**Directions for this task**: Reproduce precisely the lines of the listing below, starting with the line that contains "Clemson Tigers Bracelets 4 Pack Silicone" and stopping after the line that contains "Smith And Wesson"; include nothing else.

**Exercise materials**:
- Opening Delimiter -

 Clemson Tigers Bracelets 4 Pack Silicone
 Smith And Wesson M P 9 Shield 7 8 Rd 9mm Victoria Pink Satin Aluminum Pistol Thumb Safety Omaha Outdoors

- Closing Delimiter -
- Opening Delimiter -

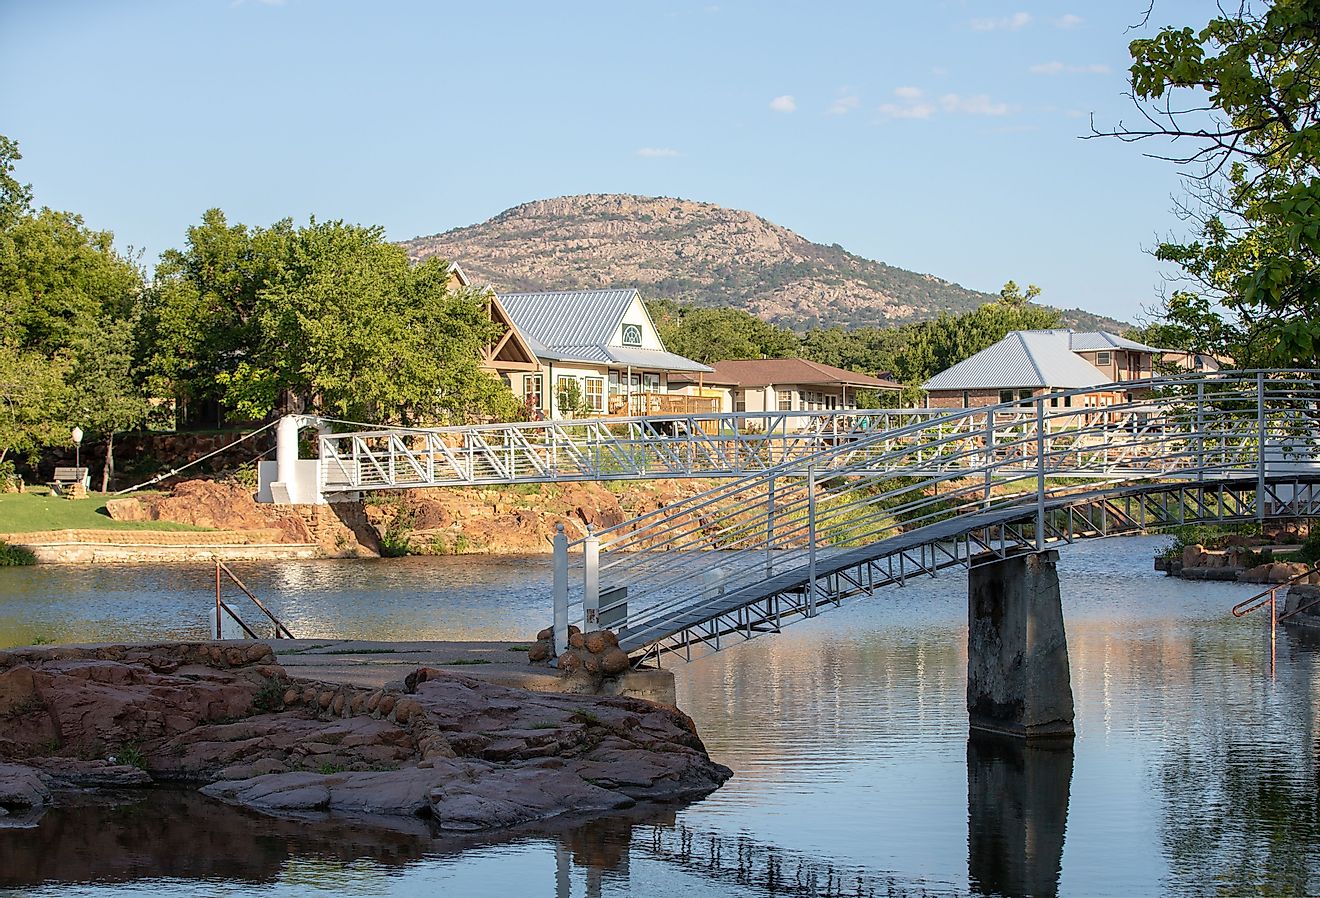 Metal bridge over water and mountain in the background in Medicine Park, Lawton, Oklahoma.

- Closing Delimiter -
- Opening Delimiter -

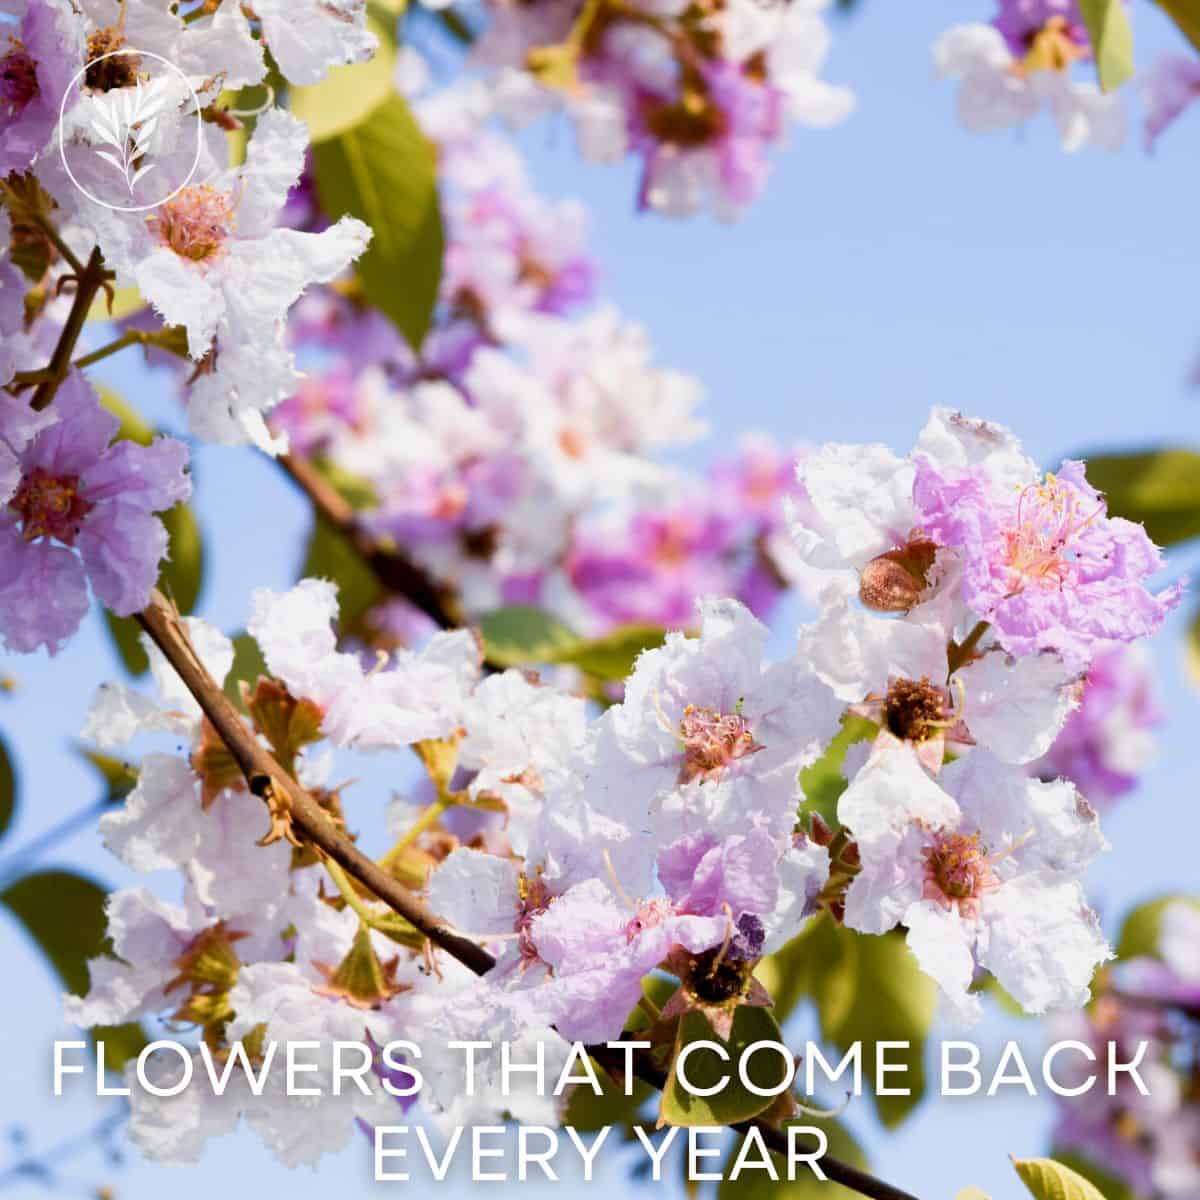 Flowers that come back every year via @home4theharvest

- Closing Delimiter -

**Result of this exercise**:
 Clemson Tigers Bracelets 4 Pack Silicone
 Smith And Wesson M P 9 Shield 7 8 Rd 9mm Victoria Pink Satin Aluminum Pistol Thumb Safety Omaha Outdoors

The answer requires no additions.